Lack of Situational Awareness: We can’t see if the victim was approached from the front or the rear. It may or may not have been a surprise encounter. The camera started rolling after that had happened. Two things – 1. If she didn’t see the approaching attacker, she failed to be aware of her surroundings, the results of which are quite evident. That’s a lesson in and of itself. 2. If she did see the attackers approaching, she didn’t pass the child along to the other girl and they didn’t reposition themselves. Situational awareness is no good if the information gained doesn’t send a message to your body saying “Do something now!”.

Lack of Assertive Response: Given the body language by the attackers and the nervous behavior of the victim(s), situational awareness may have been violated, but lack of assertive response was surely present. It seems likely that because the victim was holding a child she figured that the attacker held the same moral code and therefore wouldn’t attack her. Not so. The victim thought she’d be passive and nervously laugh the confrontation away . . . predators see that as weakness . . . well . . . because it is.

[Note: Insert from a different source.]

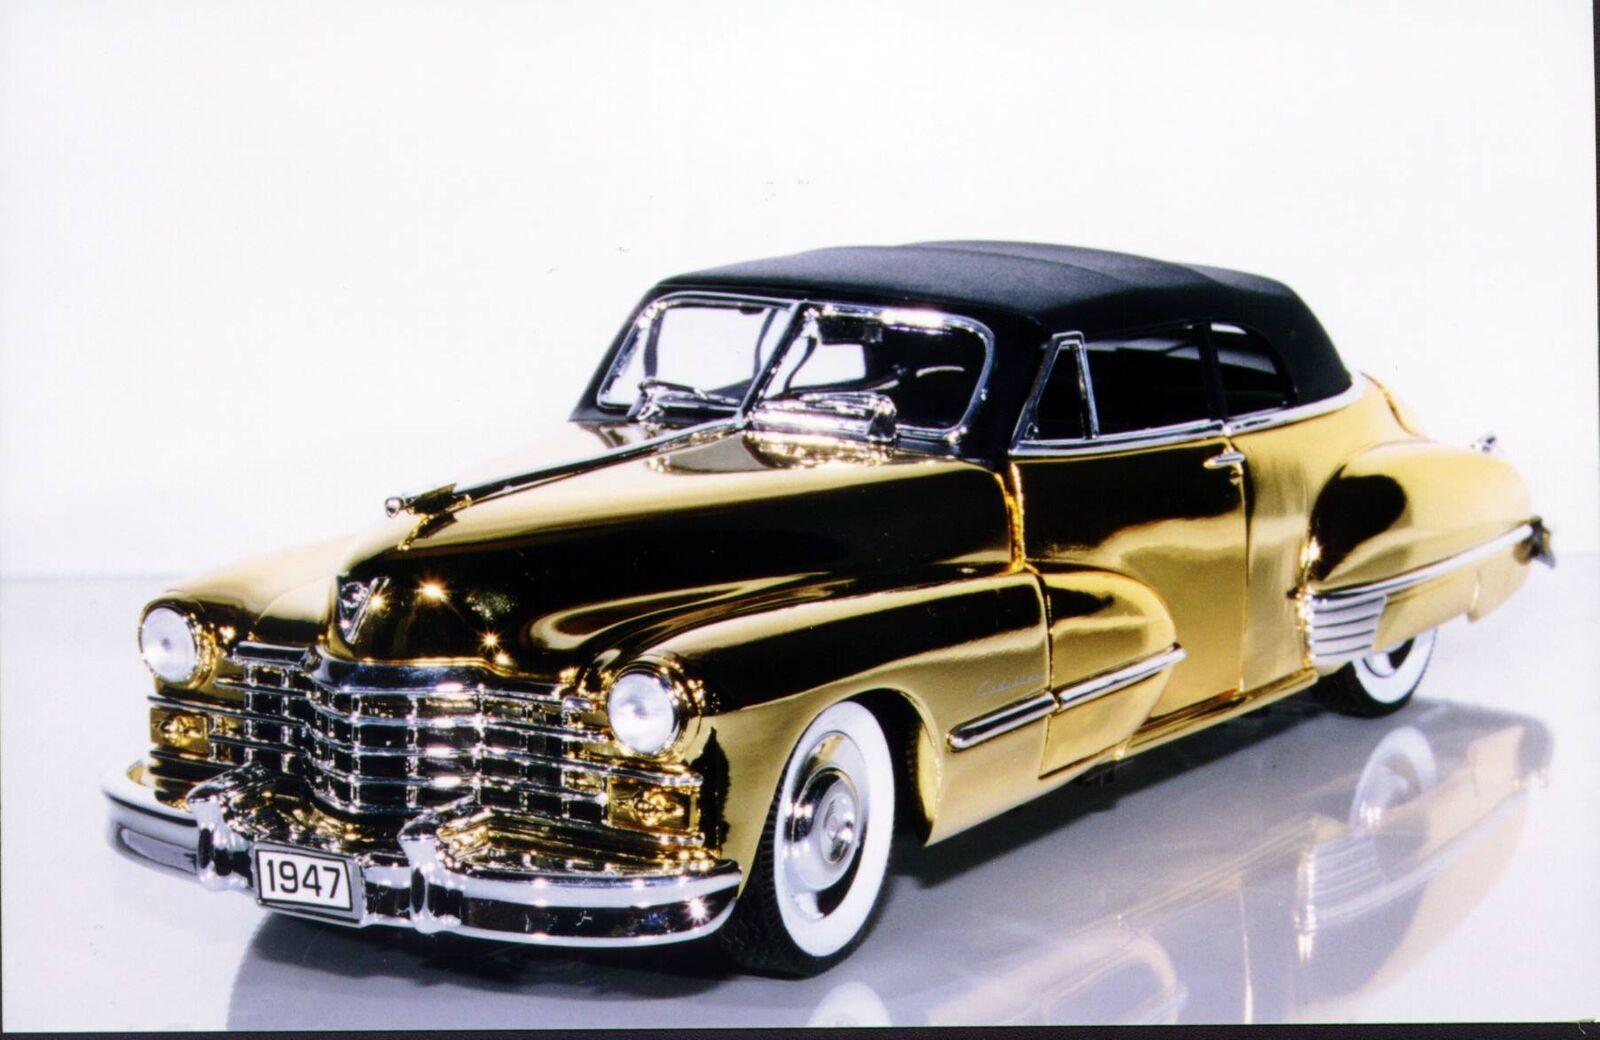 1 18 Cadillac'47 serie 62 ANSON chapado en oro 24k de Star Trek

Lack of Understanding on Moral Code: Those who have no moral code come in all genders, races, and cultural backgrounds. Don’t think for one second that someone you don’t know as well as your spouse isn’t capable of something like what was depicted in the video. Do you know this person? Do you know their mental health history? Do you know their anger issues? Do you know their substance abuse history?  The victim was betting the child’s safety on an assumed fallacy that the attacker wouldn’t cross that moral line. I can’t guarantee that she won’t ever take that bet again, but I’m betting she won’t. My hope is that the readers NEVER think for one moment that someone who is willing to attack you cares about the fact that you are holding a child, or the hand of an elderly person, or that your with your spouse. In the mind of a predator, they so no moral line, only your tactical disadvantage. They have nothing to lose, and you have EVERYTHING to lose.

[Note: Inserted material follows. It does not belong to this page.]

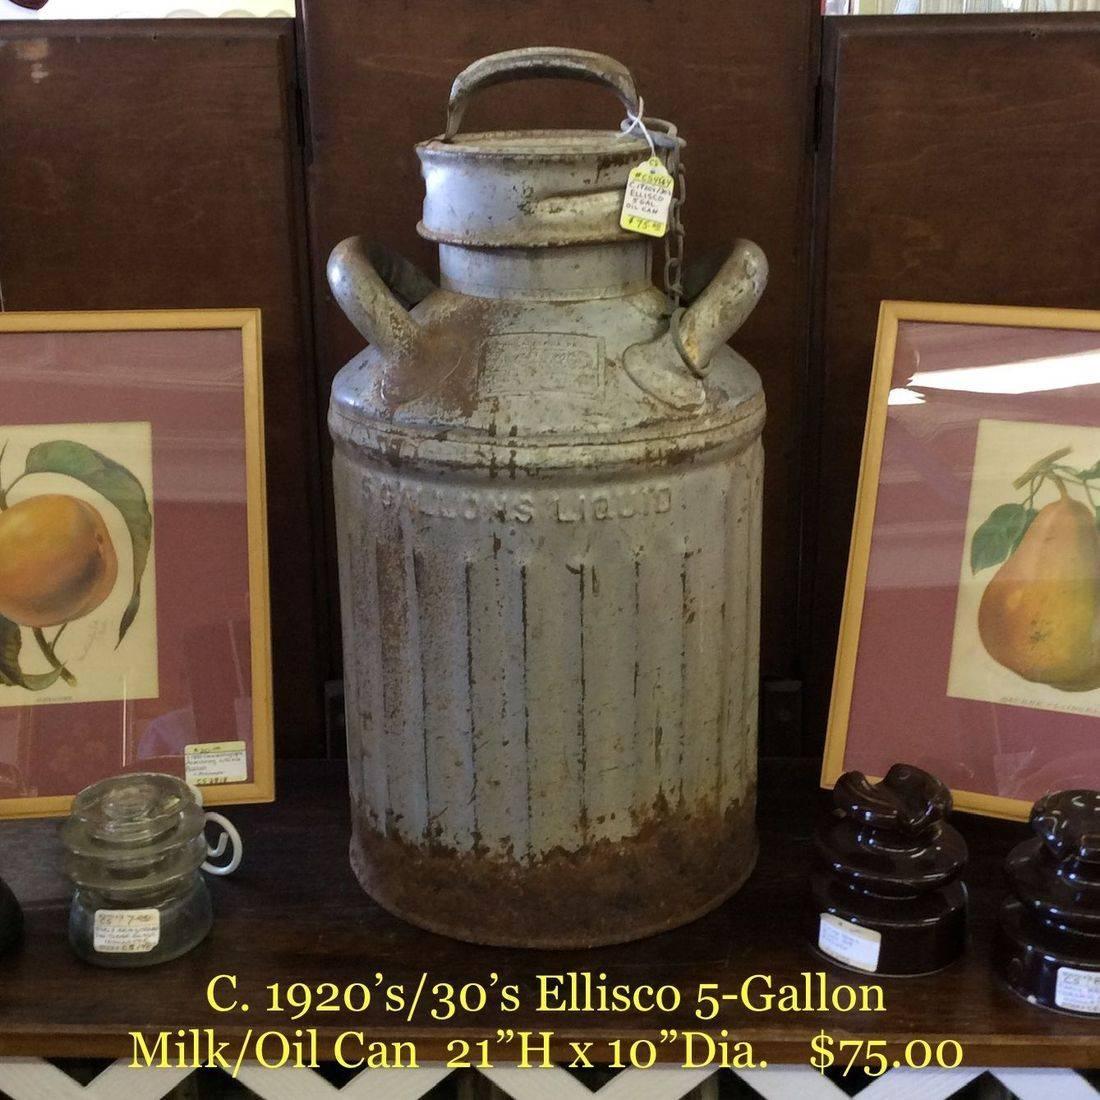 C. 1920's/30's Ellisco  5-Gallon Milk/Oil Can   $75.00

“So what would you have suggested she had done differently, Irish?” I’m glad you asked. My wife should just write this out as she’s knows it and has heard me say it enough to our loved ones.

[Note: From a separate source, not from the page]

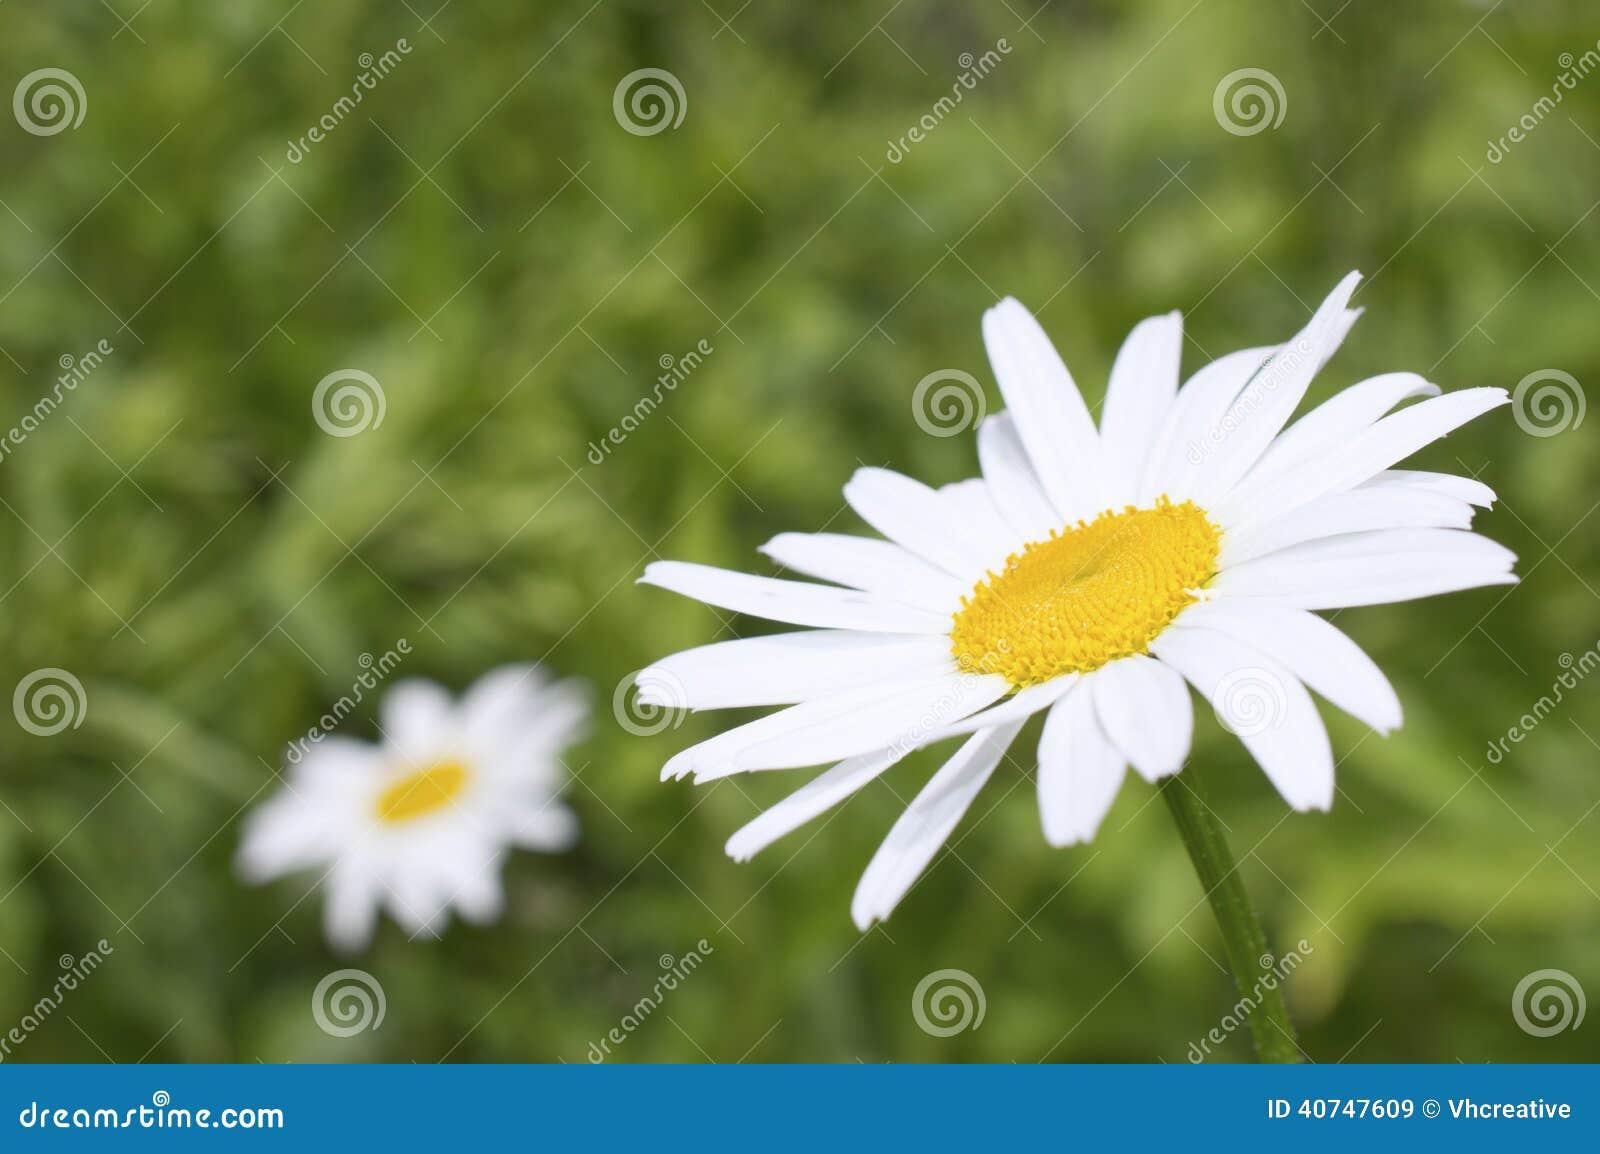 White Daisy Like Chamomile Flower Stock Image Image Of Floral

  1. Get your head up! I doesn’t matter if you’re 90 lbs and can’t throw a punch to save your life, your eyes, ears and ability to read the aggressive or evasive behavior of someone approaching you is the number one skill to have when it comes to self-defense. My wife is particularly good at reading non-verbals (not that I’m not, she’s just pretty good). Does she have to be the person to end a threat? No, but if she sees something that I don’t, it’d be nice to pull from her skill set. I then have time to position myself and my family so that I’m not at such a tactical disadvantage.
  1. Be assertive! There’s a line between having guts and being antagonistic. Don’t be antagonistic. However, prey doesn’t dictate the terms of an encounter to a predator, so don’t be prey. If someone gets too close, tell them to back up. At this point, if they proceed there’s a good chance it will be evident that they want to hurt you. As your creating space, if they don’t abide . . . yell for them to “back the *&$% up NOW” at the top of your lungs! I don’t care if you don’t swear. To credit Craig Douglas . . . You need to be able to speak the language. Your telling them to back up isn’t going to make them attack you anymore than they were if they don’t listen, but there is a chance that the assertive behavior you display lets them know that you are not going to be an easy target. If you have someone that’s with you, that you’ve transferred children to, they should be using the time that you are asserting right to personal space (and better tactical positioning) to get the precious cargo into a safer location, (if that means putting a picnic table between you and the potential bad guys – DO IT.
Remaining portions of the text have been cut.